O discurso foi realizado durante um encontro com empresários do setor da construção civil, em São Paulo, nesta terça-feira (19). “Não fiquem assustados. A escala 6x1 é uma coisa necessária”, declarou o presidente, segundo relatos.

Justificativa social e modernização

Lula justificou a necessidade da mudança com uma frase que viralizou: “O povo quer mais tempo para ficar em casa, para lazer, para estudar, para namorar”, disse. Ele argumentou que a sociedade avançou e que robôs já fazem parte da indústria.

Apesar do tom conciliatório, o presidente fez questão de tranquilizar o setor produtivo. “Nós sabemos que a jornada de trabalho será aplicada levando em conta a especificidade de cada categoria. Ninguém vai impor na marra”, ponderou Lula.

Apoio popular e impacto econômico

O posicionamento reflete uma estratégia de governo que busca capitalizar uma pauta de forte apelo popular. Pesquisa Genial/Quaest divulgada na última segunda-feira (18) aponta que 68% dos brasileiros apoiam o fim da atual escala.

No entanto, a notícia preocupa profundamente os empresários. Entidades do setor produtivo alertam que a redução da jornada semanal de 44 para 40 horas, sem corte salarial, pode elevar os custos operacionais em até 20%, pressionando pequenas empresas e estimulando a informalidade.

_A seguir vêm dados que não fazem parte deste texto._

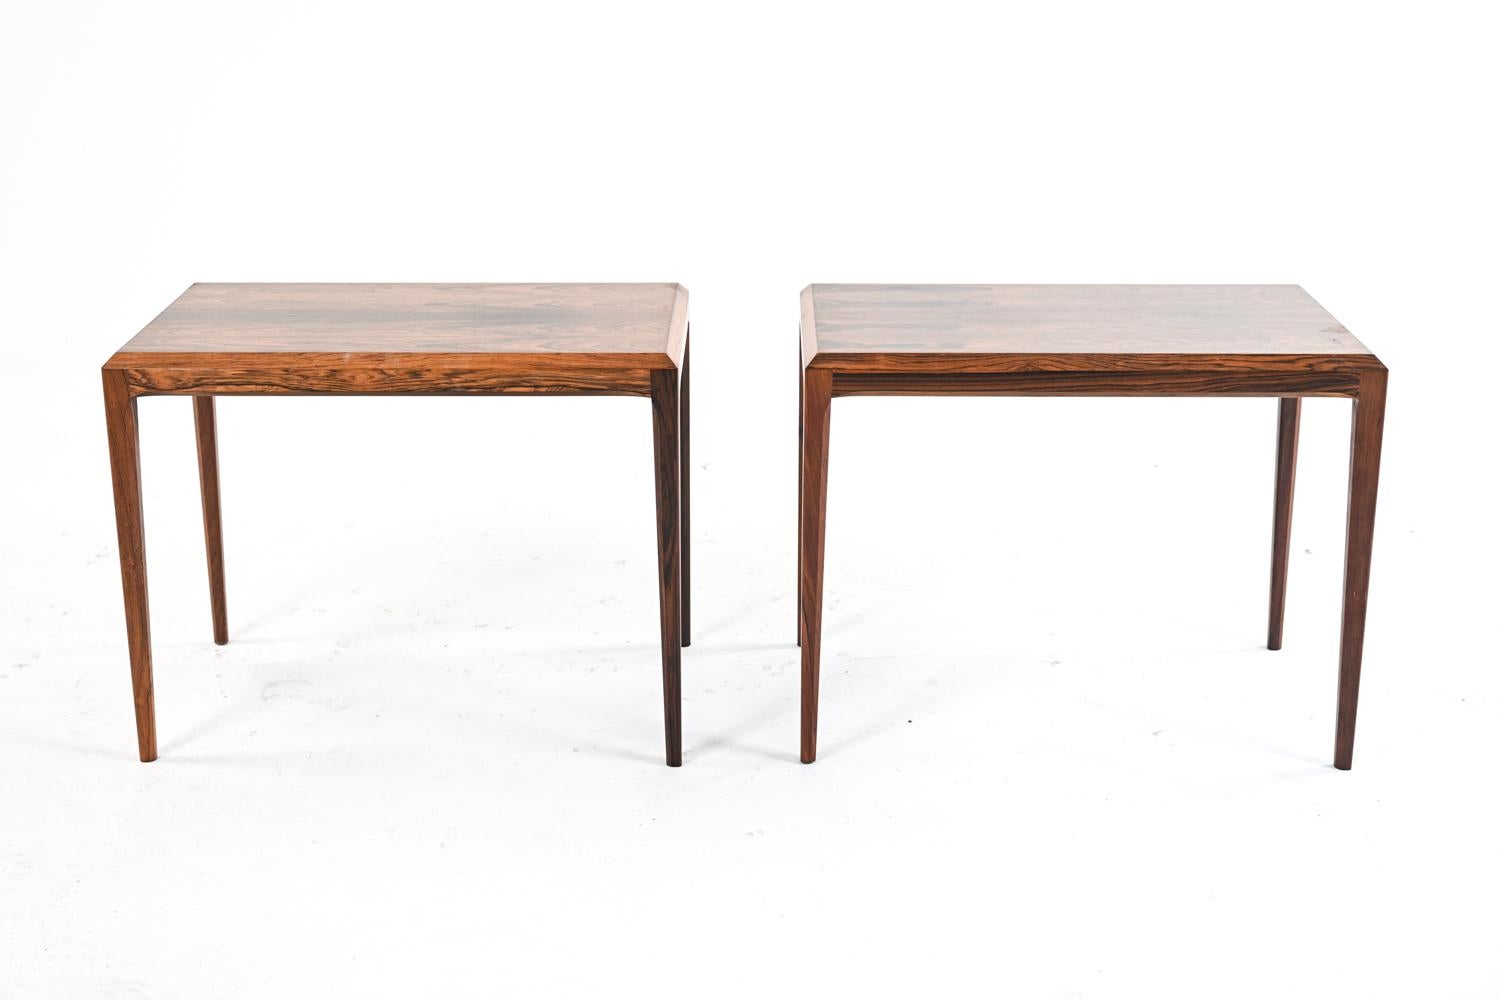 A lovely pair of mid-century nesting tables in rosewood, with beveled edges and classic tapered legs. Designed by Johannes Andersen for CFC Silkeborg and produced in the 1960's; each table marked with a Silkeborg foil label underneath. Tables are

Próximos passos no Congresso Nacional

O Congresso Nacional já discute propostas alternativas, incluindo uma regra de transição gradual de dois a cinco anos. A expectativa é que o governo envie um Projeto de Lei complementar sobre a matéria nos próximos meses.

Muitos internautas se mostraram surpresos com a declaração, enquanto empresários pedem cautela. O desafio do Palácio do Planalto será equilibrar o desejo de modernização com a sustentabilidade financeira das empresas.